Бинго соорудил оскорбленное лицо и показательно вывернул боковой пустышечный карманчик.

– Доволен?

– Остальные показывай.

– Какие остальные?

– Щаз тебе бугенваген настанет, враль Стремгодов. А ну, сдавай кассу!

Бинго тихонько заскулил от такого невезения и нехотя выскреб из глубокого наштанного накладного кармана пяток серебряков.

– Более карманов не имею.

– Тогда сапоги снимай.

– А потом в задницу светить станешь?

– Если в сапогах не найду ожидаемого, то да. У меня и клещи есть, в деревне прикупил... не думал, правда, что для такого дела пойдут, но порядок прежде всего.

Бингхам со стоном стащил правый сапог, высыпал из него еще полдюжины монет серебром и серебряную же цепочку.

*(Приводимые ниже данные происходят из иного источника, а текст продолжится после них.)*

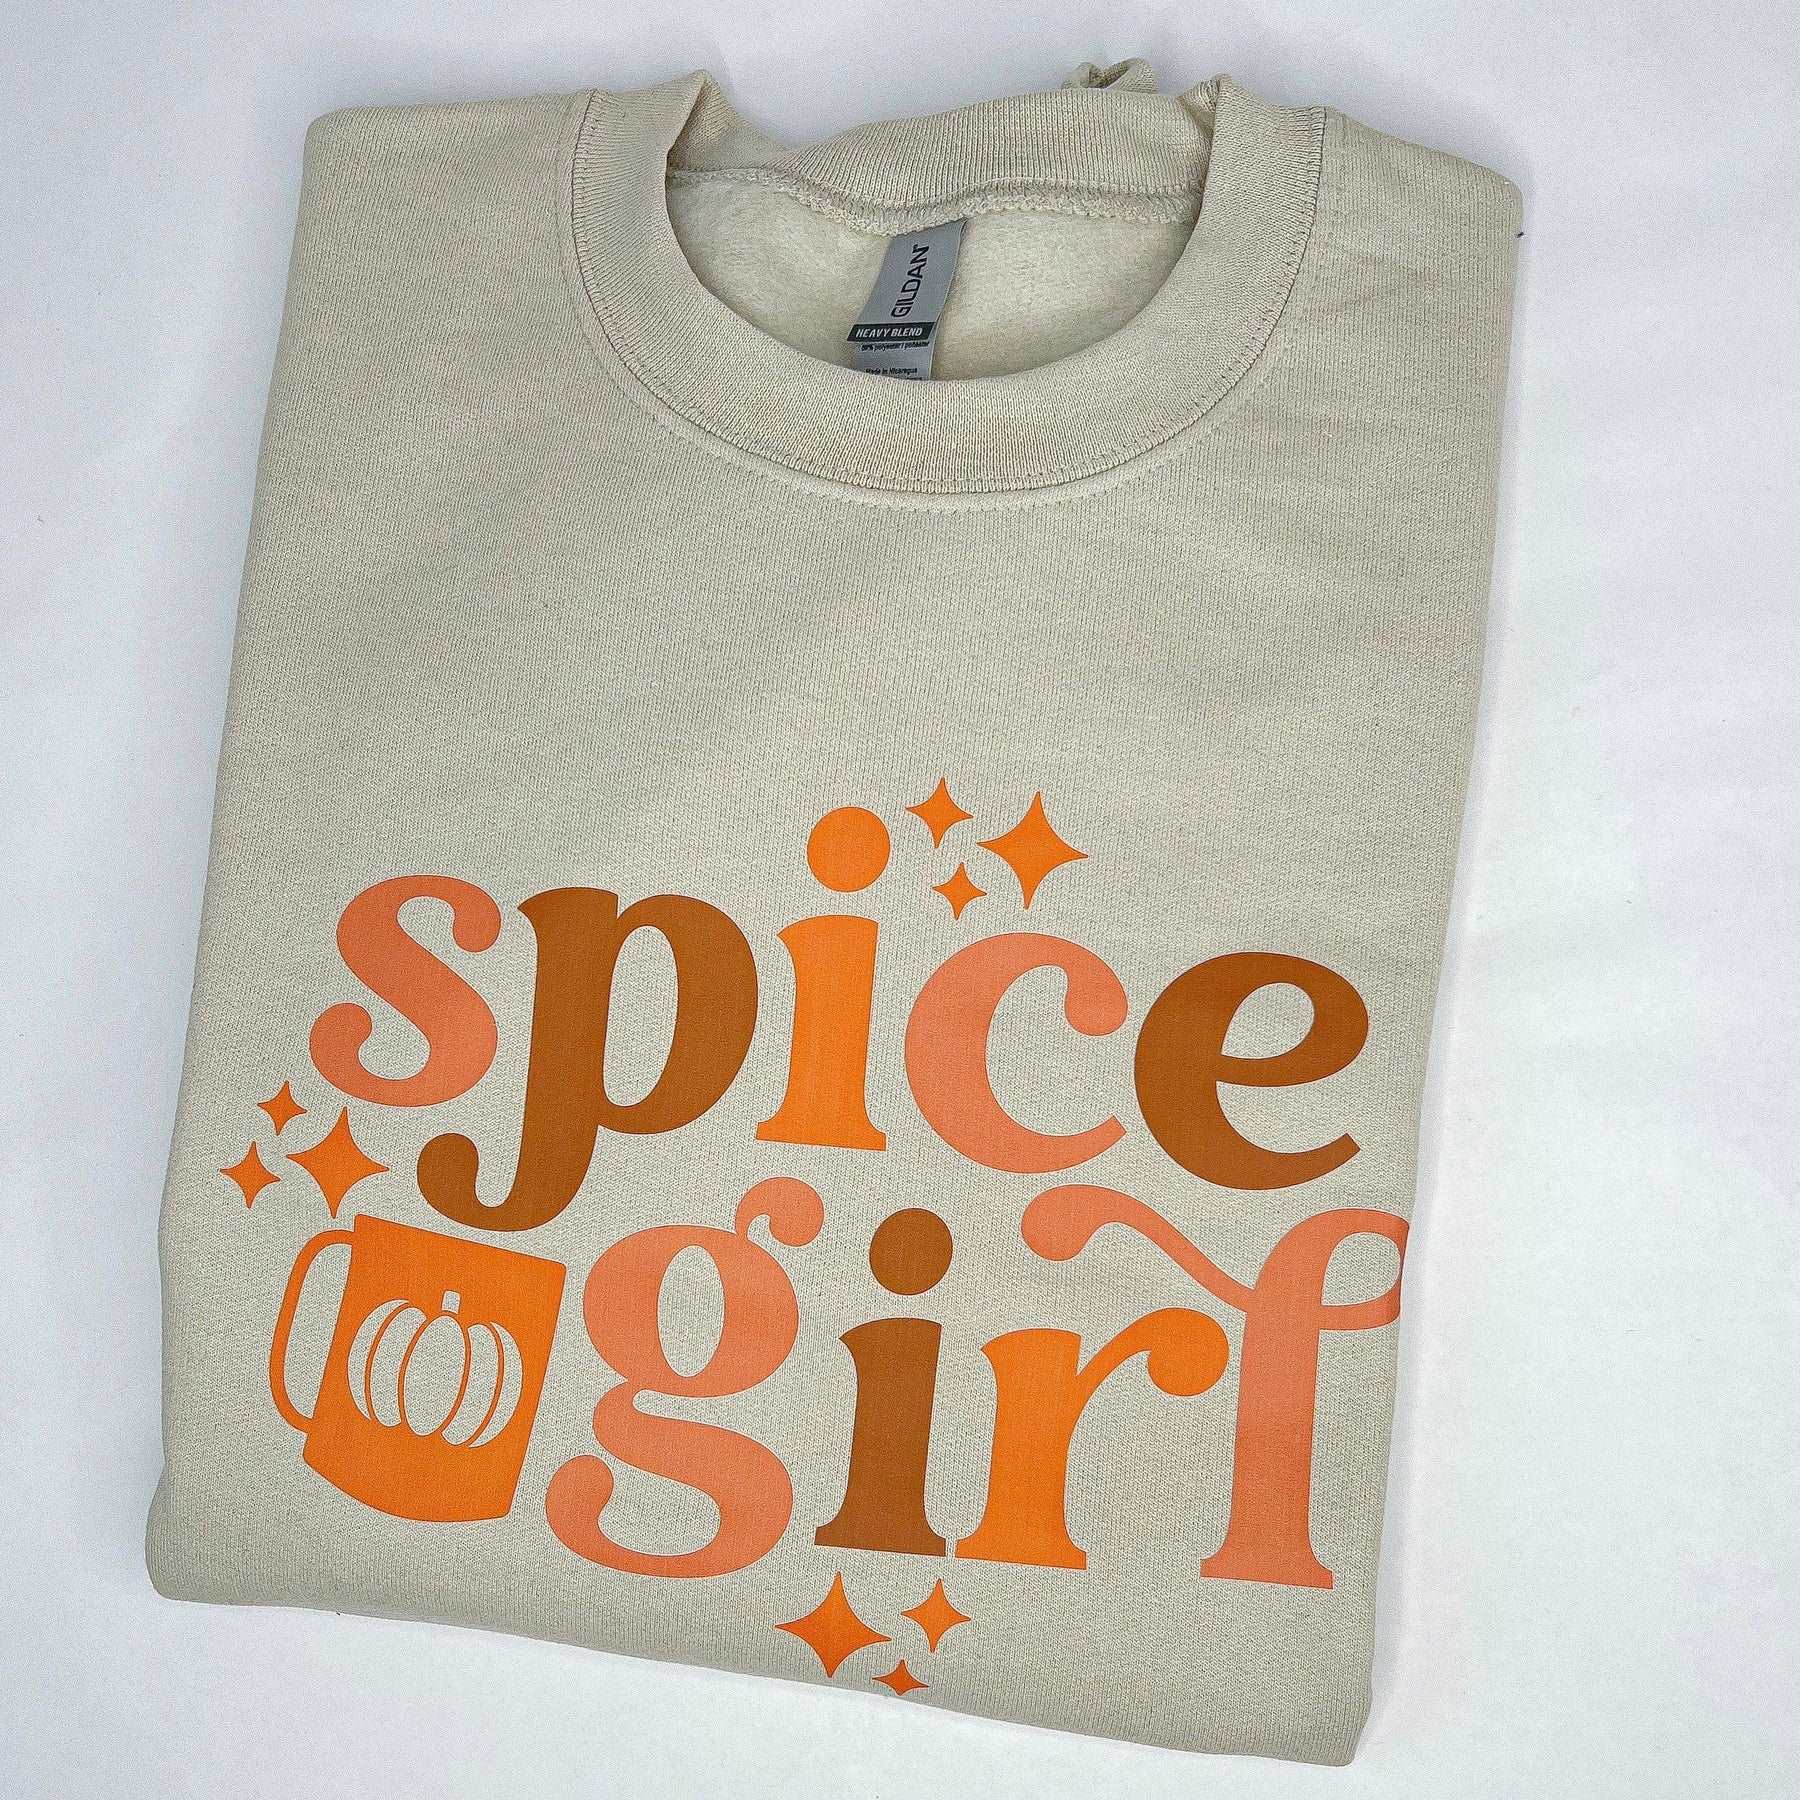 Spice Girl Fall Thanksgiving Shirt (Tee or Sweatshirt)

– Вот и ладушки. – Торгрим поприкинул что-то в уме. – Среднему доходу с засады это примерно соответствует. Если еще чего утаил, так и быть – подавись, дармоед, не стану ради лишней монеты паскудить клещи в твоей заднице.

– Грубый ты, – посетовал Бинго и показал Торгримовой макушке язык, поскольку и впрямь чуть не подавился, заглатывая единственную затертую и обрезанную золотую монету. – И кровавый весь... башка кровью заляпана – да сразу видно, что чужой, у тебя небось ихор черный при таком-то норове.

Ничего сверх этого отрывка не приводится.